*PROBLEM STATEMENT*
An exact copy of the data is needed, but without any of its images.

##### INFORMATION SUPPLIED

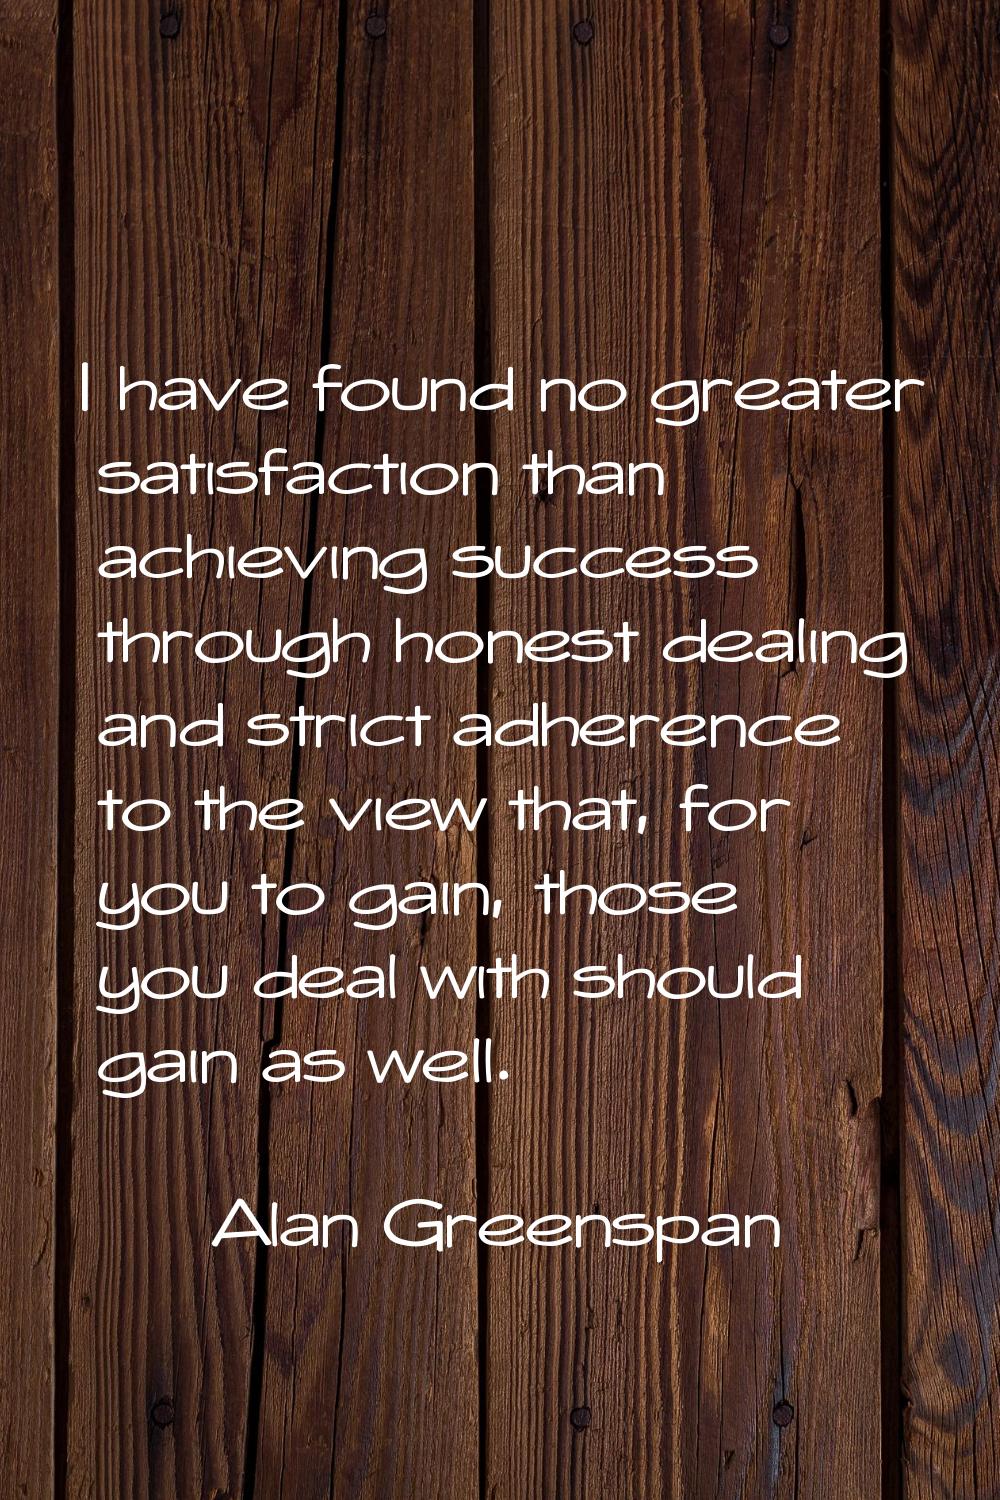 I have found no greater satisfaction than achieving success through honest dealing and strict adher
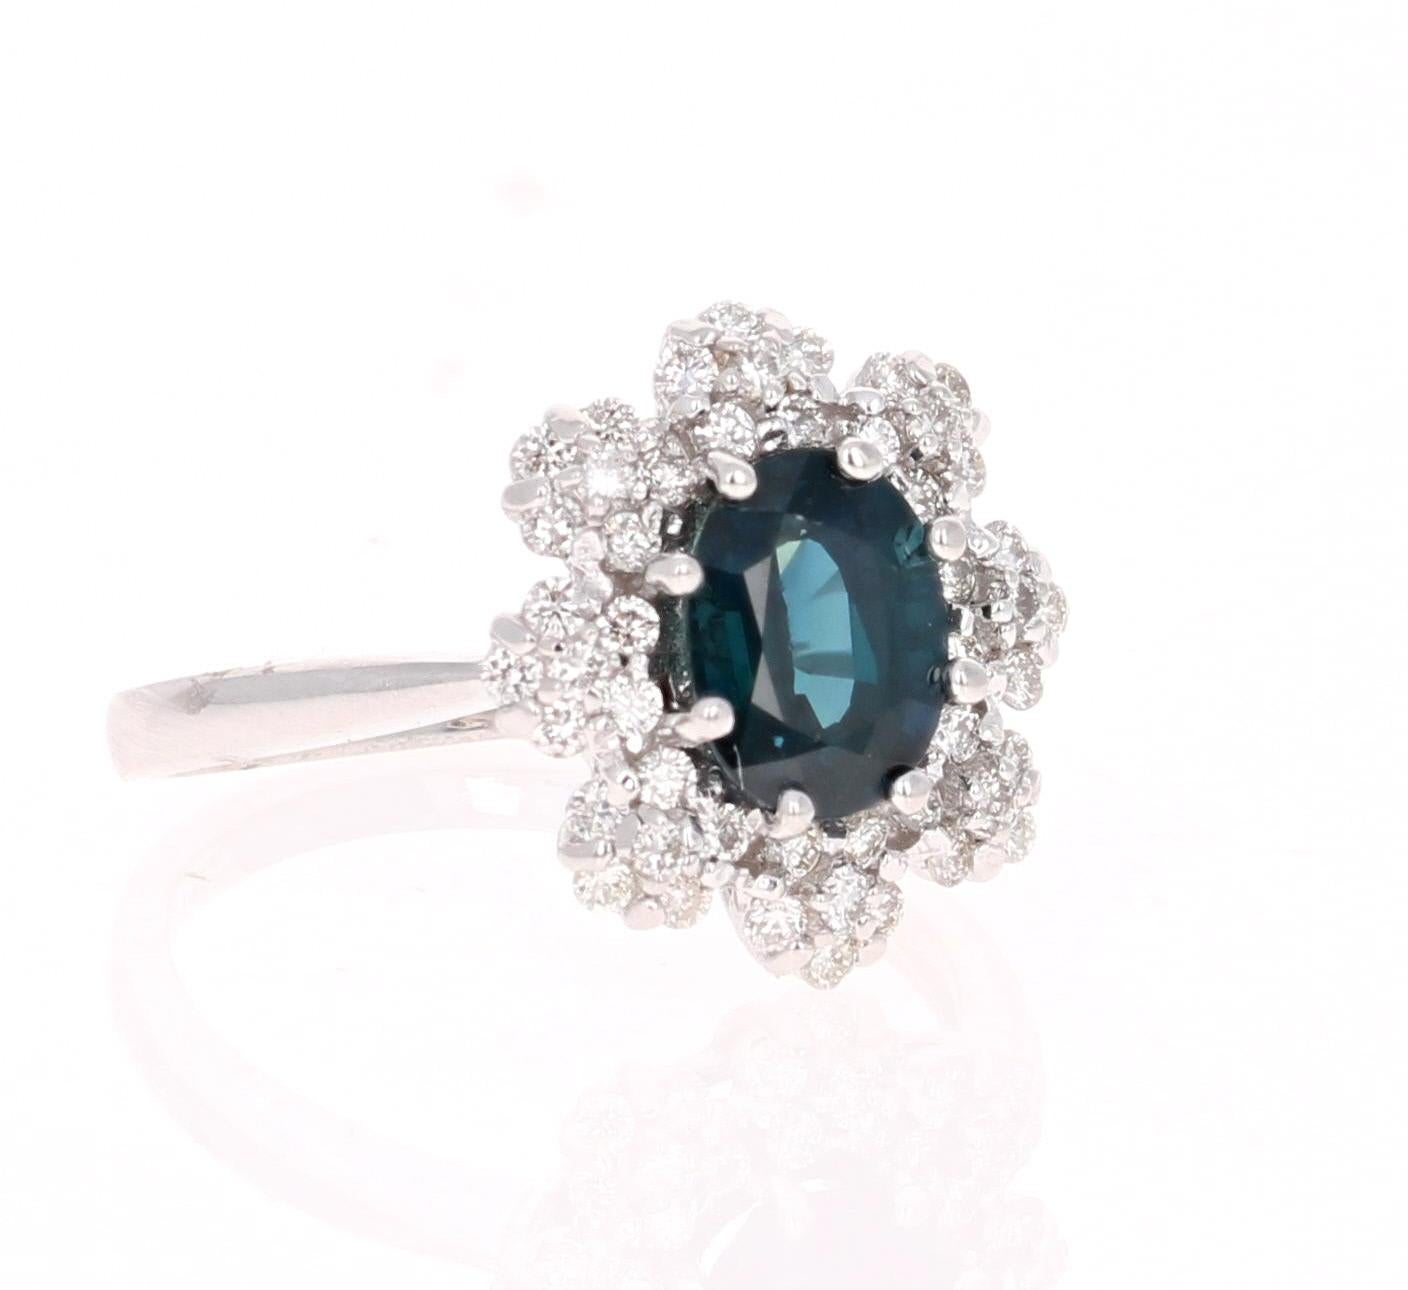 Beautiful Blue Sapphire and Diamond Ring!  This ring has an Oval Cut Sapphire set in the center of the ring that weighs 1.82 Carats. It has 48 Round Cut Diamonds that weigh 0.50 carats set in a petal like design surrounding the Sapphire.  The
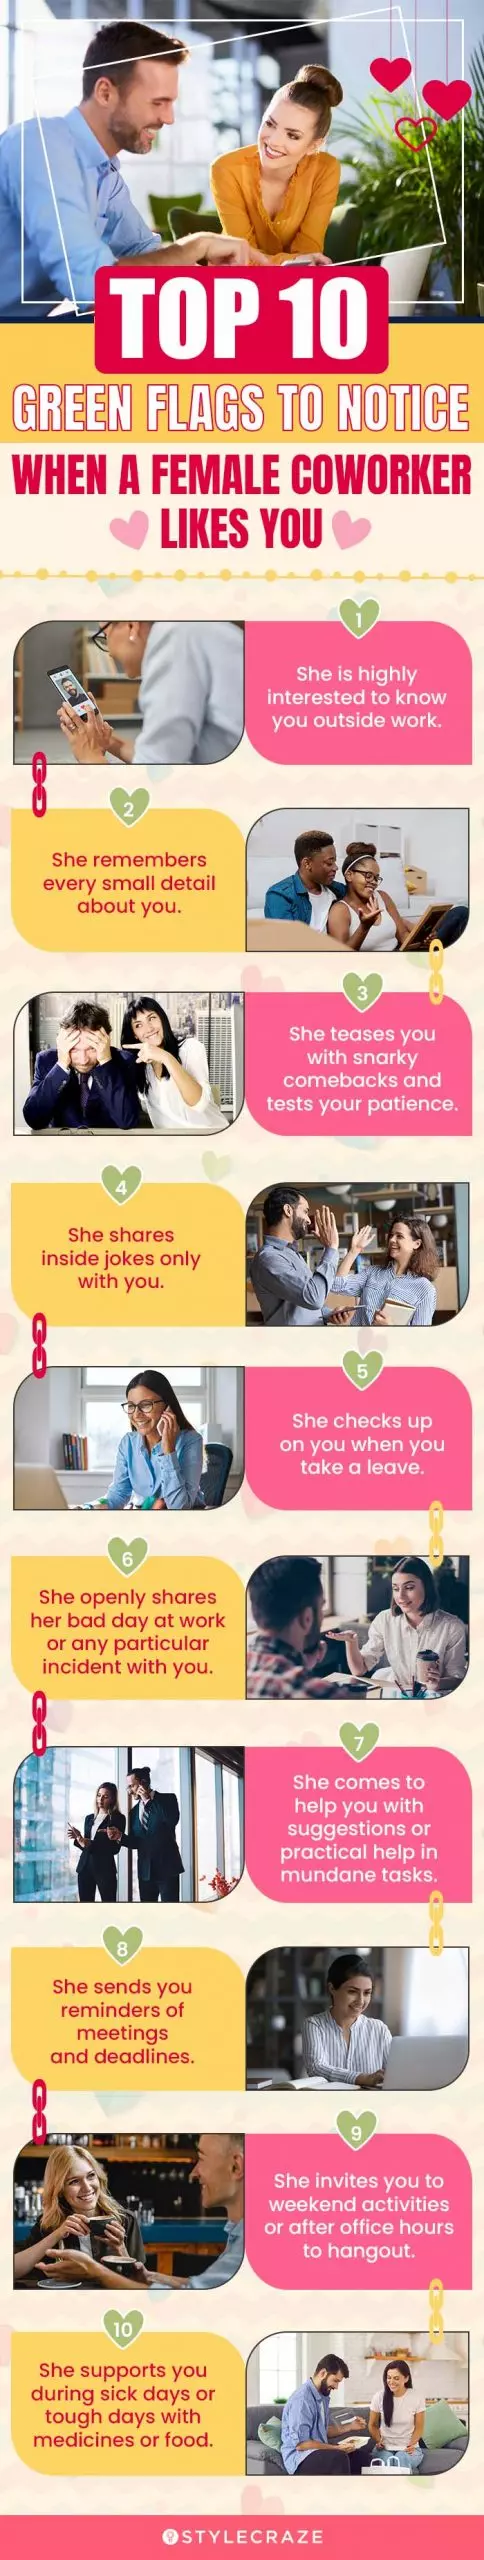 top 10 green flags to notice when a female coworker likes you (infographic)

##########

*FINAL ANSWER*
 I have found no greater satisfaction than achieving success through honest dealing and strict adher
 Beautiful Blue Sapphire and Diamond Ring!  This ring has an Oval Cut Sapphire set in the center of the ring that weighs 1.82 Carats. It has 48 Round Cut Diamonds that weigh 0.50 carats set in a petal like design surrounding the Sapphire.  The
 top 10 green flags to notice when a female coworker likes you (infographic)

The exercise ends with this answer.